Task prompt
Transcribe the listing underneath, keeping each word exact and omitting the images.

Information shown
┄┄┄┄┄┄┄┄┄┄┄┄┄┄┄┄┄┄┄┄

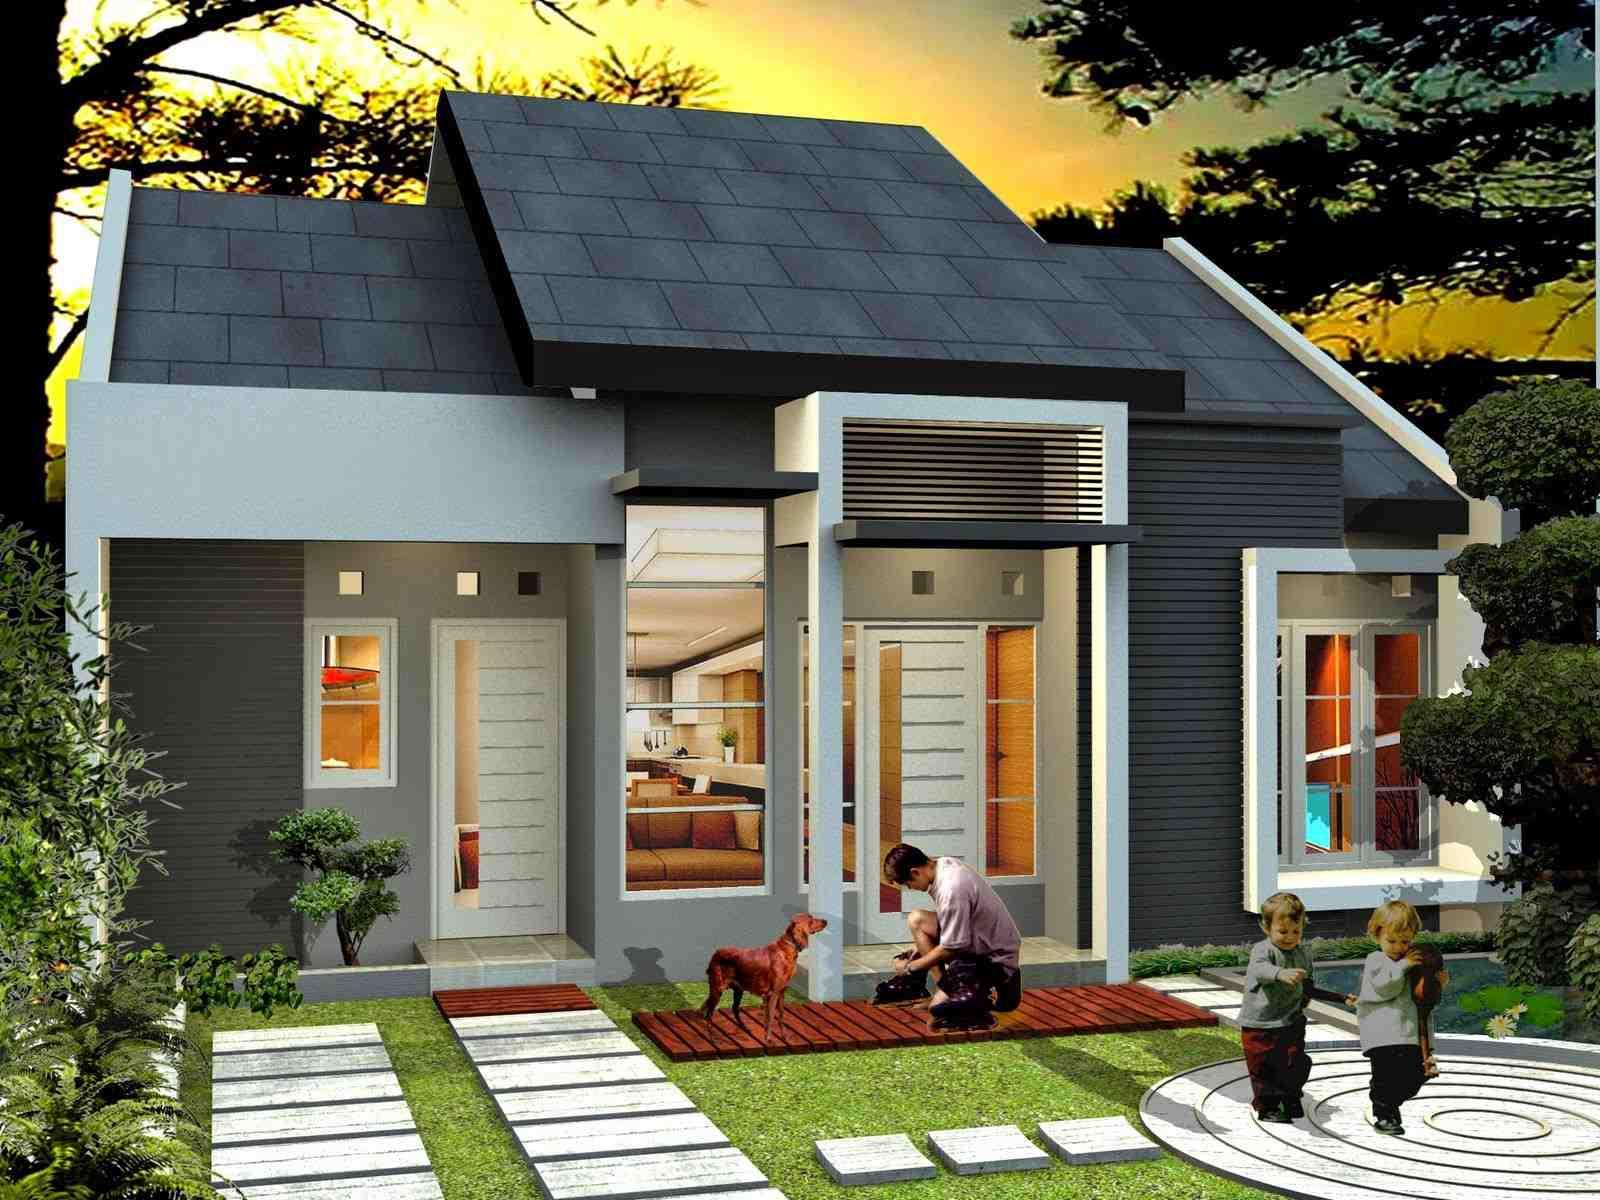 Desain Rumah Minimalis Sederhana Unik
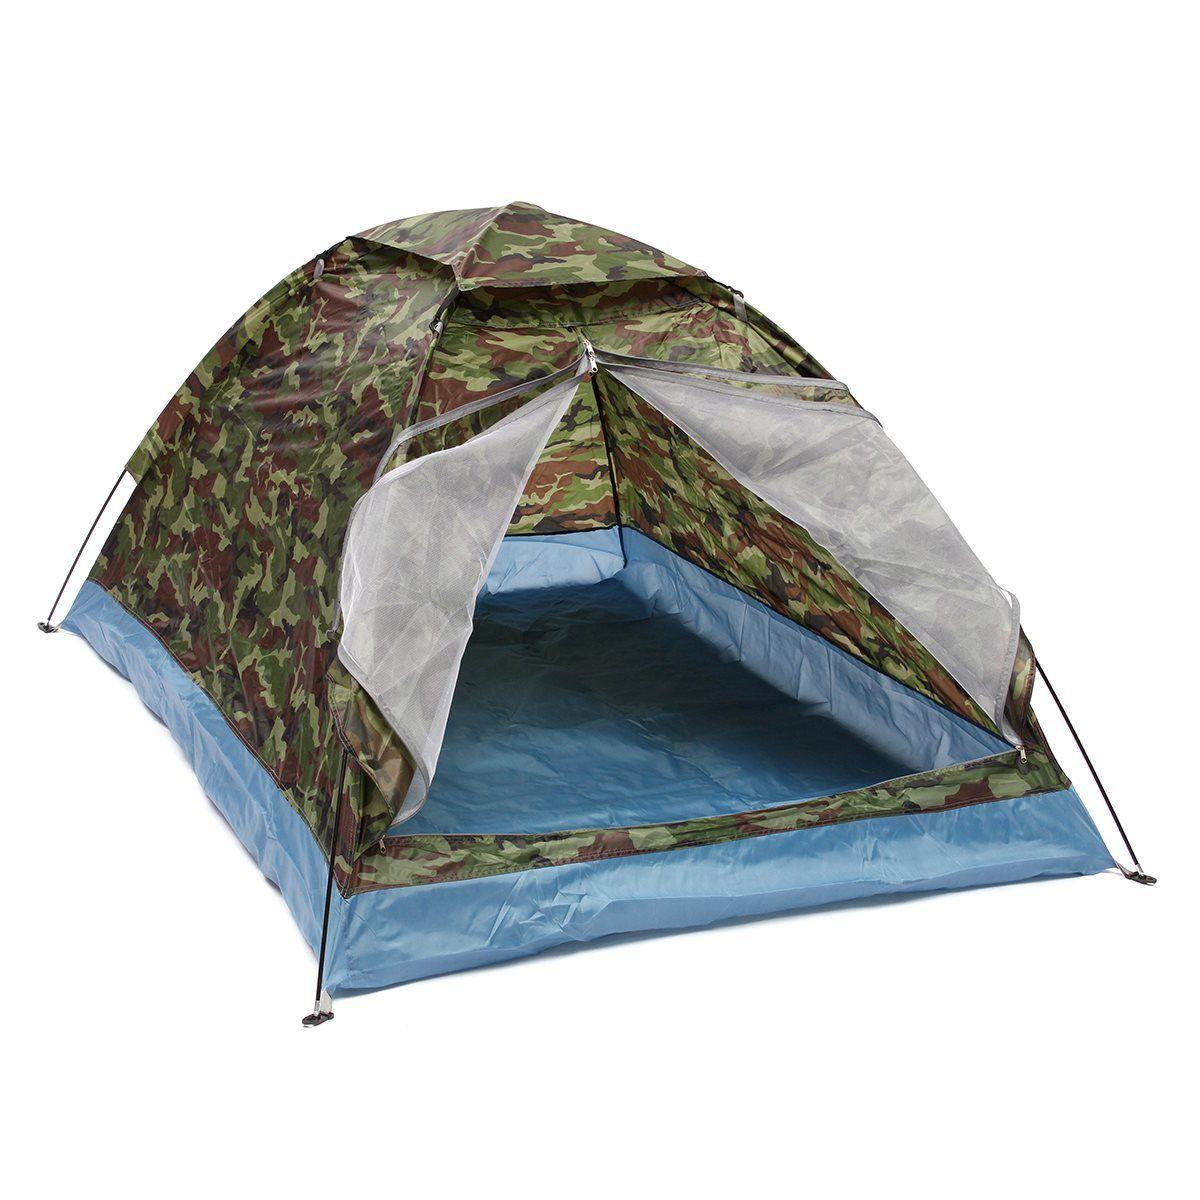 Открытый 200*140*110 см Ткань Оксфорд pu водонепроницаемое покрытие 4 сезона 2 людей один слой камуфляж туристический отдых палатка
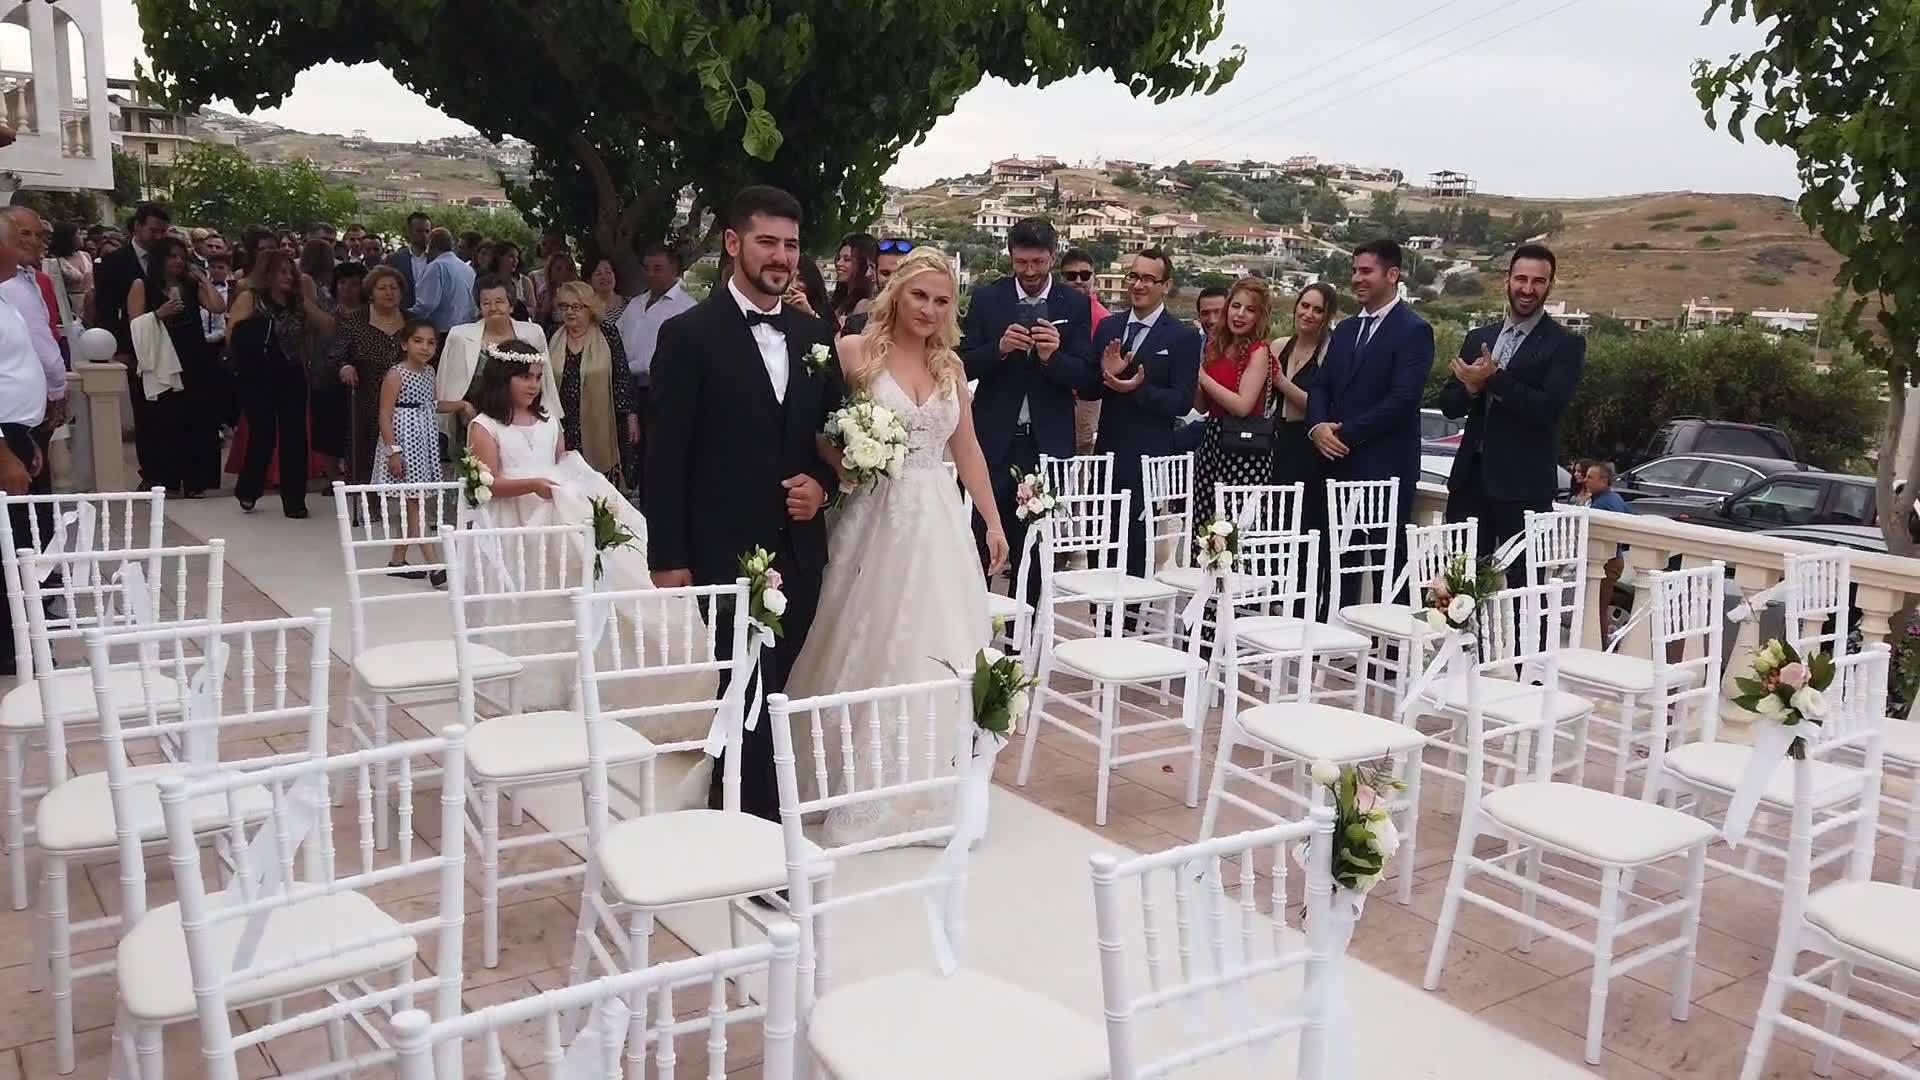 Ένας υπέροχος γάμος της Στέλλας και του Ανέστη, πού αλλού, στο κτήμα απέραντο γαλάζιο!

┄┄┄┄┄┄┄┄┄┄┄┄┄┄┄┄┄┄┄┄

Solved problem
 Desain Rumah Minimalis Sederhana Unik
 Открытый 200*140*110 см Ткань Оксфорд pu водонепроницаемое покрытие 4 сезона 2 людей один слой камуфляж туристический отдых палатка
 Ένας υπέροχος γάμος της Στέλλας και του Ανέστη, πού αλλού, στο κτήμα απέραντο γαλάζιο!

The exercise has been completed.